In Figure 12a, the record starts from the effective contact time of 0.6 s. The damaged W1 specimen was analyzed by the strain time0history curve of other specimens and failure forms. Figure 12 indicates that falling objects collide with the contact surface of the wall within a short contact time in the range of 0.61 s to 0.62 s and the strain of the measuring point increases rapidly. However, the curve of measuring point 8 showed an upward phenomenon and did not appear in a descending stage. The strain gauge was damaged due to the crack development of measuring point 8, which caused the strain change to exceed the measuring range of the strain gauge. The result was basically in line with the test. Furthermore, the strain change from measuring point 1 to measuring point 7 was similar to measuring point 8, but the change was relatively small. Analyzing the failure morphology of W1, the cracking failure from measuring point 1 to measuring point 7 developed rapidly; the panel cracking released most of the energy, and the crack development did not pass through the measurement area of the strain gauge. The results were basically consistent with the test.

Moreover, as shown in Figure 12, the trend of tensile tension and compression of these strain curves was different as these strain gauges were glued to the specimens in a horizontal and vertical manner. In order to obtain the maximal response variable, we only explored the increment in the strain gauge of each measuring point. The further cases of strain change were analyzed as follows.

Comparing and analyzing the strain time-history curves of W2, W3 and W4 specimens, the time-varying law was similar. In the test, the W4 specimen was taken as a typical specimen for test analysis and description. The strain time-history curves of W4 at the impact height of 1 m and the impact height of 1.5 m are shown in Figure 13.

Figure 13 illustrates that the impact height of the sandbag was proportional to the degree of strain change. The strain at the measuring point changed sharply until reaching the top, and then it decreased rapidly. After the wall was impacted, the elastic deformation was recovered slowly, the strain decay rate gradually decreased, and the change in the strain value gradually became stabilized after a short period of aging. The strain value after the test of each measuring point was different from the initial strain, which indicates that a certain small residual deformation occurred after the composite wall was impacted.

Through comparative analysis of the results of the strain time-history curves of each specimen, the strain change degree of W4 was found to be higher than that of W2 and W3. The analysis showed that the influencing factors were mainly related to the light steel formwork and the strength of the poured concrete. Comparing W2 and W4, the W2 test piece was compared with the W4 test piece by adding a light steel mesh, which led to an increase in the impact resistance of the composite wall test piece. Therefore, the strain variation of the strain measuring point on the panel of W2 was smaller than that of W4. Comparing W2 and W3, the concrete strength of W3 was higher than that of W2, which resulted in W3 having better impact resistance. The deformation ability and measured strain change degree of W3 were lower than those of W2.

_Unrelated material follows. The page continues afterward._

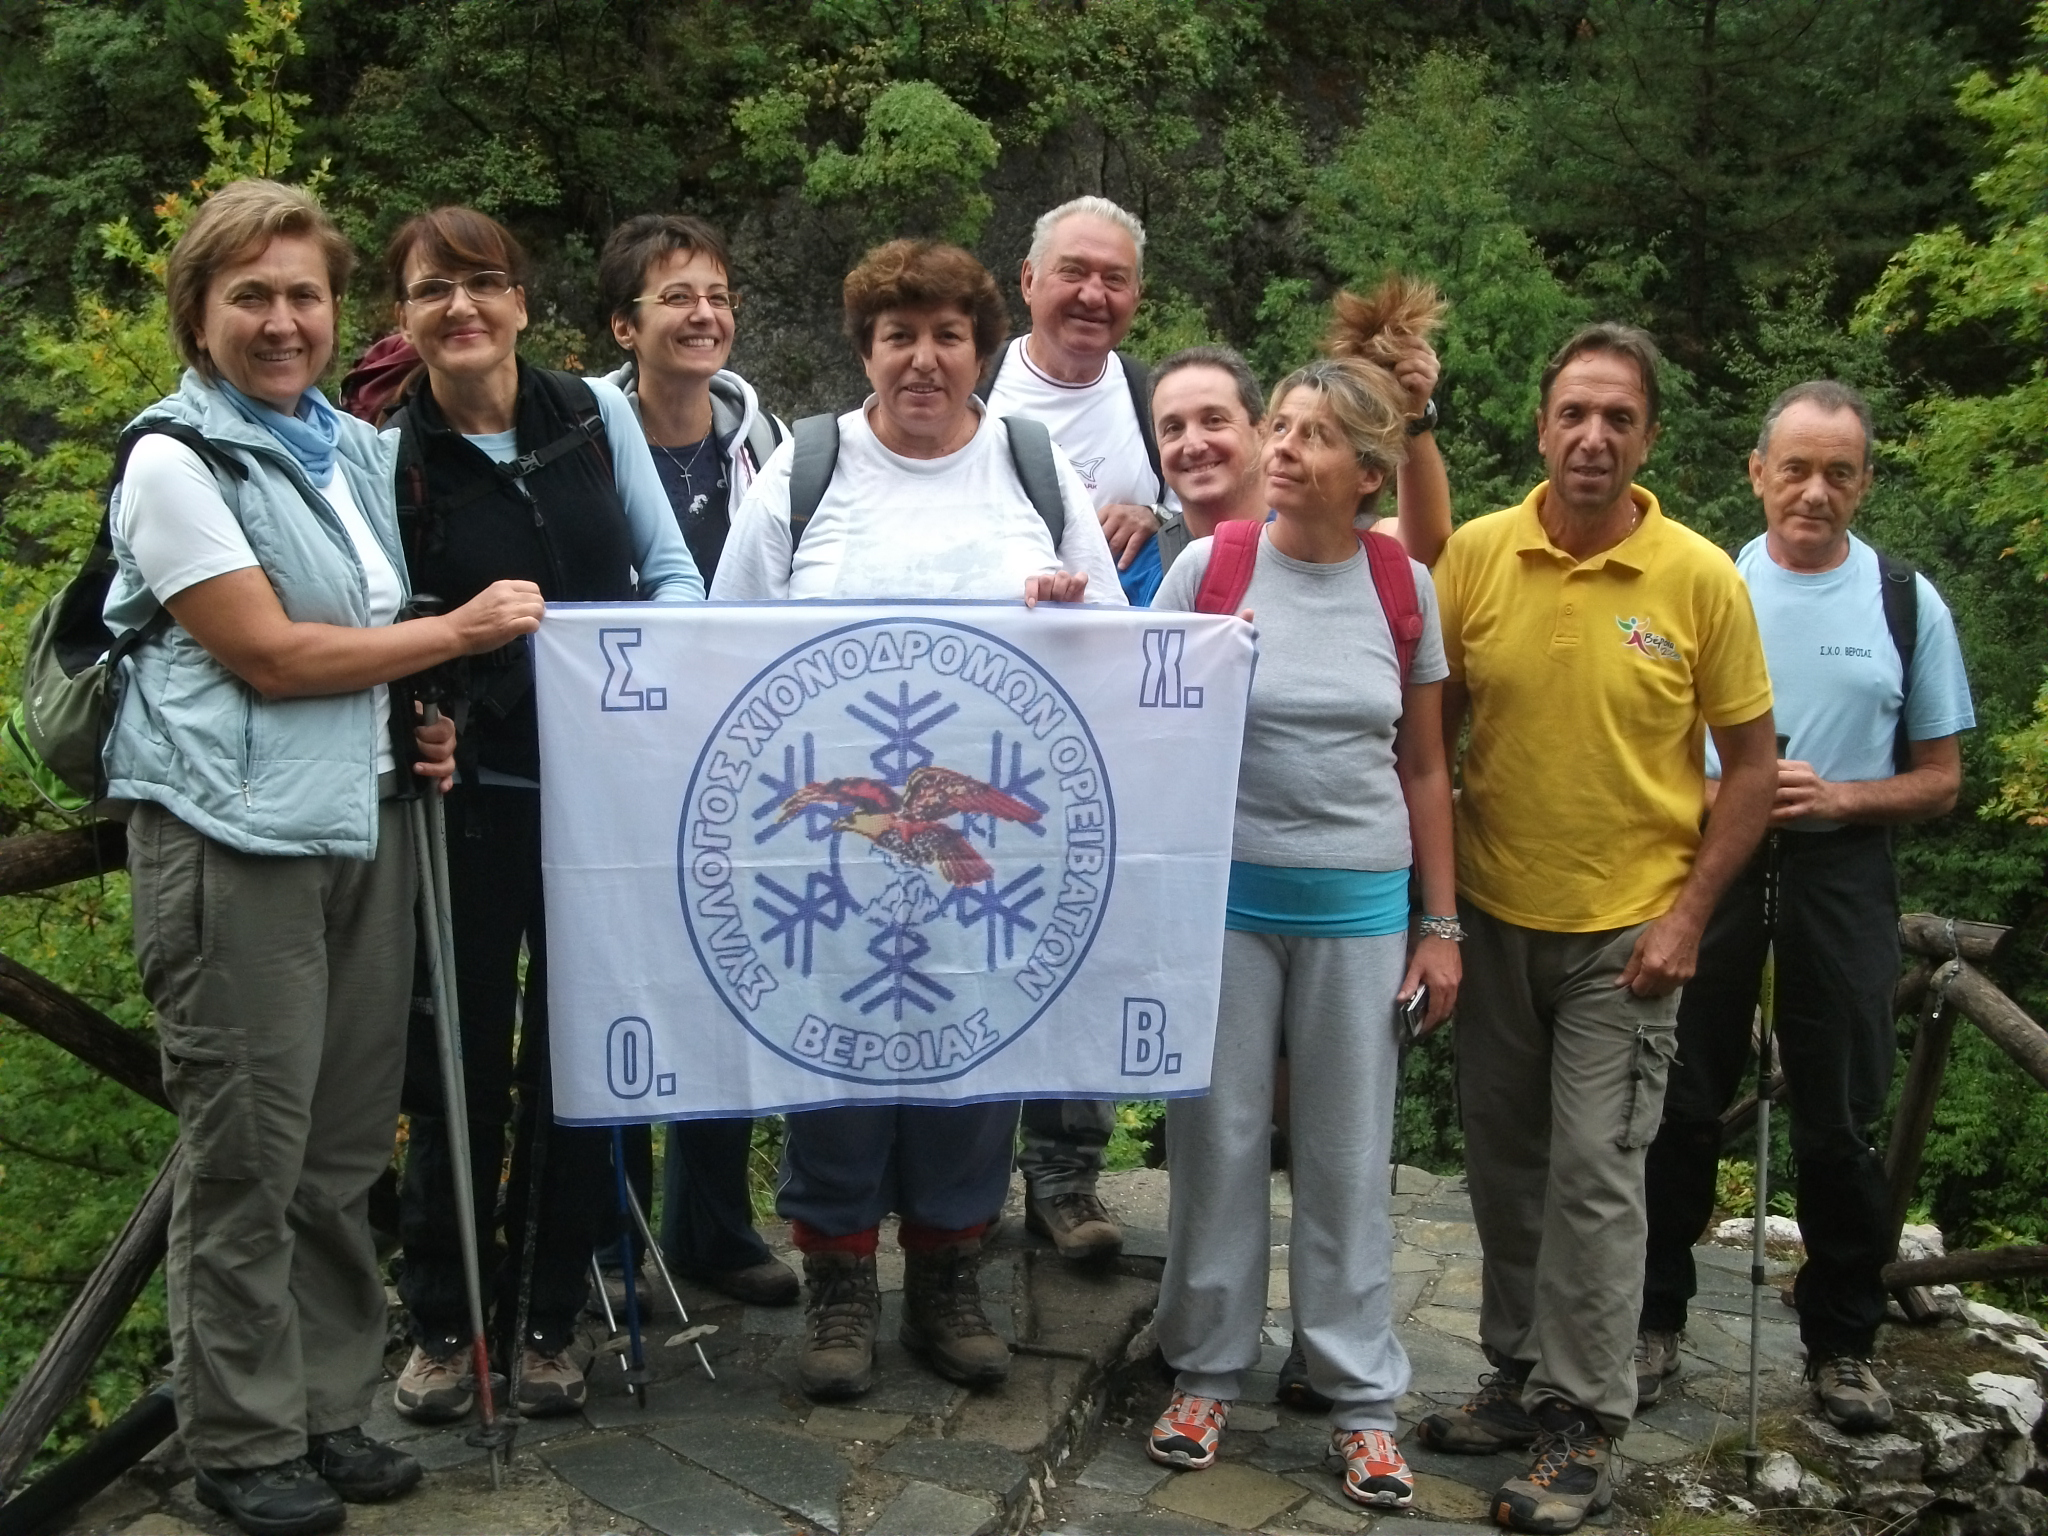 ΛΟΥΤΡΑ ΠΟΖΑΡ  -  ΚΑΤΑΡΡΑΚΤΗΣ  16 ΣΕΠΤΕΜΒΡΙΟΥ 2012

4.2. Vertical Displacement Time-History Curve

According to the analysis of the test results, the vertical displacement time-history curves of the W2, W3 and W4 specimens had a certain similarity, so the W4 specimen was taken as a typical result for analysis. The displacement time-history curves of W4 at the impact height of 1 m and the impact height of 1.5 m are shown in Figure 14.

It can be seen from Figure 14 that the vertical displacement of the measuring point of W4 under the two different impact heights changed within a short recording time from 0.1 s to 0.2 s. Since measuring point 1 was located at the most unfavorable force position in the center, and measuring points 2, 3, 4 and 5 were arranged on the circumference of a circular contact area with a diameter of 250 mm, the vertical displacement of measuring point 1 was greater than that of other measuring points.

Furthermore, the vertical displacement of measuring points 1–5 was measured. It seems that the maximum displacement values were measured at point 1 in theory when the center of gravity of the sandbag coincided with the center of the specimen. This is because measuring point 1 was under the most unfavorable position, and the data of point 1 in Figure 14 confirm this result. In addition, the difference in the displacement value between point 1 and the other points was not large because the power of the low-speed impact was small. Moreover, the displacement values at points 2–5 should be the same in theory. However, there was a deviation in the results due to the effect of a test error and the effect of the dimensions of the specimen. This situation was normal and reasonable.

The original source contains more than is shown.